* _Task directions_: Every line from the one containing "Immagine pubblicata in" to the one containing "Акция защитников ЛГБТ-сообщества" in the records below, both included, must be set down exactly, and no other line.

(Collected data)
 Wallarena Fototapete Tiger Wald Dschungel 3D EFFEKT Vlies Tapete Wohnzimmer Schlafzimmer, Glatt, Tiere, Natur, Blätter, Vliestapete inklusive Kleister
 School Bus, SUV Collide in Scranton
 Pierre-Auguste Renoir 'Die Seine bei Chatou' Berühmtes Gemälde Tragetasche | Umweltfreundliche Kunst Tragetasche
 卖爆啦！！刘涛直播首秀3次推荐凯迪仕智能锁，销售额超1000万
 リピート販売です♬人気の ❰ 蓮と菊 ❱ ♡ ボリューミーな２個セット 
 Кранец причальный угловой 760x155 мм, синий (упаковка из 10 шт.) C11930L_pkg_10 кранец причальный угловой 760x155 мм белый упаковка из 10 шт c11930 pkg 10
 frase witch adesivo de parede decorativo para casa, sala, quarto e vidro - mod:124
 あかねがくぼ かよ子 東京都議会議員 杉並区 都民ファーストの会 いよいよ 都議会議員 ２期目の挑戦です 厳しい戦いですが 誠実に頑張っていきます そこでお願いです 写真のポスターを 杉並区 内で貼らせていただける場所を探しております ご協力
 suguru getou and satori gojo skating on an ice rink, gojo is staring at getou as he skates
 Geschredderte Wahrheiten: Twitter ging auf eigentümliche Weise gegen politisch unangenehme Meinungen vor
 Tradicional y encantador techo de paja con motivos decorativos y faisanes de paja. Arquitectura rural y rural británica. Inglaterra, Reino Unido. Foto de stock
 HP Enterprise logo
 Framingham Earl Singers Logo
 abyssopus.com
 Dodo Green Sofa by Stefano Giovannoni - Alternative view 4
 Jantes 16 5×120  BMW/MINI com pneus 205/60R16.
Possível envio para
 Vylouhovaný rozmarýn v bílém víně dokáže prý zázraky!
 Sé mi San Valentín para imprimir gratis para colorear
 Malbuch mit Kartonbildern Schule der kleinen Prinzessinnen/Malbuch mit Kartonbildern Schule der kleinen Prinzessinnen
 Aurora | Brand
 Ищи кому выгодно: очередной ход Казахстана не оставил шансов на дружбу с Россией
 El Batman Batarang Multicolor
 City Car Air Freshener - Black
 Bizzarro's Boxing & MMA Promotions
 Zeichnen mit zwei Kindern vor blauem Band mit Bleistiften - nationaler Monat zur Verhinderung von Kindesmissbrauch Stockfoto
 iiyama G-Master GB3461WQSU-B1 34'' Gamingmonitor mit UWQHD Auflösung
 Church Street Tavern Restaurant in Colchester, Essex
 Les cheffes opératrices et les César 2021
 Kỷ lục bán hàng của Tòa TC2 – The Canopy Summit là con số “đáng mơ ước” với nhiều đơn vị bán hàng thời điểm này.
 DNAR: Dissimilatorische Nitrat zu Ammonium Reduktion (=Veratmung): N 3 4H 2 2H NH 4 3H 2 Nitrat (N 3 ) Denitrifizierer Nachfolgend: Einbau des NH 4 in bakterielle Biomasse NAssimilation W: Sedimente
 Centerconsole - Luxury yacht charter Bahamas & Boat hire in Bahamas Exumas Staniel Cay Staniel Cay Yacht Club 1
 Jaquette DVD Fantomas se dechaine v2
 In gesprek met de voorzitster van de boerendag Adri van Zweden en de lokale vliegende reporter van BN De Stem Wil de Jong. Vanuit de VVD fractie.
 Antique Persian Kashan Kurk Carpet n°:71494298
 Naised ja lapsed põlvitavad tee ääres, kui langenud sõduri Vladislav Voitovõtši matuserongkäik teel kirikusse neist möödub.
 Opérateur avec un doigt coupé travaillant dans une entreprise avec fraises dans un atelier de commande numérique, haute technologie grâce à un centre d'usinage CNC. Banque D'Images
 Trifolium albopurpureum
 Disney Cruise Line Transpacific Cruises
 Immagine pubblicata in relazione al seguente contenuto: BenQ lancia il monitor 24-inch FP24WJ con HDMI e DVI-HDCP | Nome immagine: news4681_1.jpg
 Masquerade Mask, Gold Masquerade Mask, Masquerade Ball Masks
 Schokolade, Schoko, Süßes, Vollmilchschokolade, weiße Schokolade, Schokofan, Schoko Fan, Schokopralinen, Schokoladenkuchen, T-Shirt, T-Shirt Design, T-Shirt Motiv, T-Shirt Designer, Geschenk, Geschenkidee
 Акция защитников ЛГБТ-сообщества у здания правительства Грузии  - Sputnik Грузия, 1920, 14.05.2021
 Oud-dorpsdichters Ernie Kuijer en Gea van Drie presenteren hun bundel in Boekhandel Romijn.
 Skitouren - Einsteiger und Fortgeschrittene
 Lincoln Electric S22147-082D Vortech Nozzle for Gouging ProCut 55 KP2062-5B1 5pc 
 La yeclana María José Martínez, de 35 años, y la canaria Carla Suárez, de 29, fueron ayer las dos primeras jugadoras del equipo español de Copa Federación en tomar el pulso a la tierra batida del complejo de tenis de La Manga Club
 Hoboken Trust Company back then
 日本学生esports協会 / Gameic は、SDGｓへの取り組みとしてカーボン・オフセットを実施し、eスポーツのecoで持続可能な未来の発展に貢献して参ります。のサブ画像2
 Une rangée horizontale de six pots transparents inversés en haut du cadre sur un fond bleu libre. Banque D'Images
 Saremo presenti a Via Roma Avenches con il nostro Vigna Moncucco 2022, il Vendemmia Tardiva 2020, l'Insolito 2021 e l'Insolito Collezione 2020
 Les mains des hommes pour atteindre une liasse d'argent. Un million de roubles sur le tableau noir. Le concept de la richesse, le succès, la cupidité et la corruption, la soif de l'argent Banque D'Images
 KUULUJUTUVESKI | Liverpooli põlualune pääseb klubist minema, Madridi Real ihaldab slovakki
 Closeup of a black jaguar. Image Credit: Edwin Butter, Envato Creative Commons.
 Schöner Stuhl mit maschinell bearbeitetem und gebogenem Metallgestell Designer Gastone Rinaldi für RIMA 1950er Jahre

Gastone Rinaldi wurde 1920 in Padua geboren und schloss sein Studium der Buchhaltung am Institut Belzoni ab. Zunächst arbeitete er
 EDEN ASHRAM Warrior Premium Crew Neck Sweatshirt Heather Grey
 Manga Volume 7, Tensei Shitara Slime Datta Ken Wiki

* _Reply_:
 Immagine pubblicata in relazione al seguente contenuto: BenQ lancia il monitor 24-inch FP24WJ con HDMI e DVI-HDCP | Nome immagine: news4681_1.jpg
 Masquerade Mask, Gold Masquerade Mask, Masquerade Ball Masks
 Schokolade, Schoko, Süßes, Vollmilchschokolade, weiße Schokolade, Schokofan, Schoko Fan, Schokopralinen, Schokoladenkuchen, T-Shirt, T-Shirt Design, T-Shirt Motiv, T-Shirt Designer, Geschenk, Geschenkidee
 Акция защитников ЛГБТ-сообщества у здания правительства Грузии  - Sputnik Грузия, 1920, 14.05.2021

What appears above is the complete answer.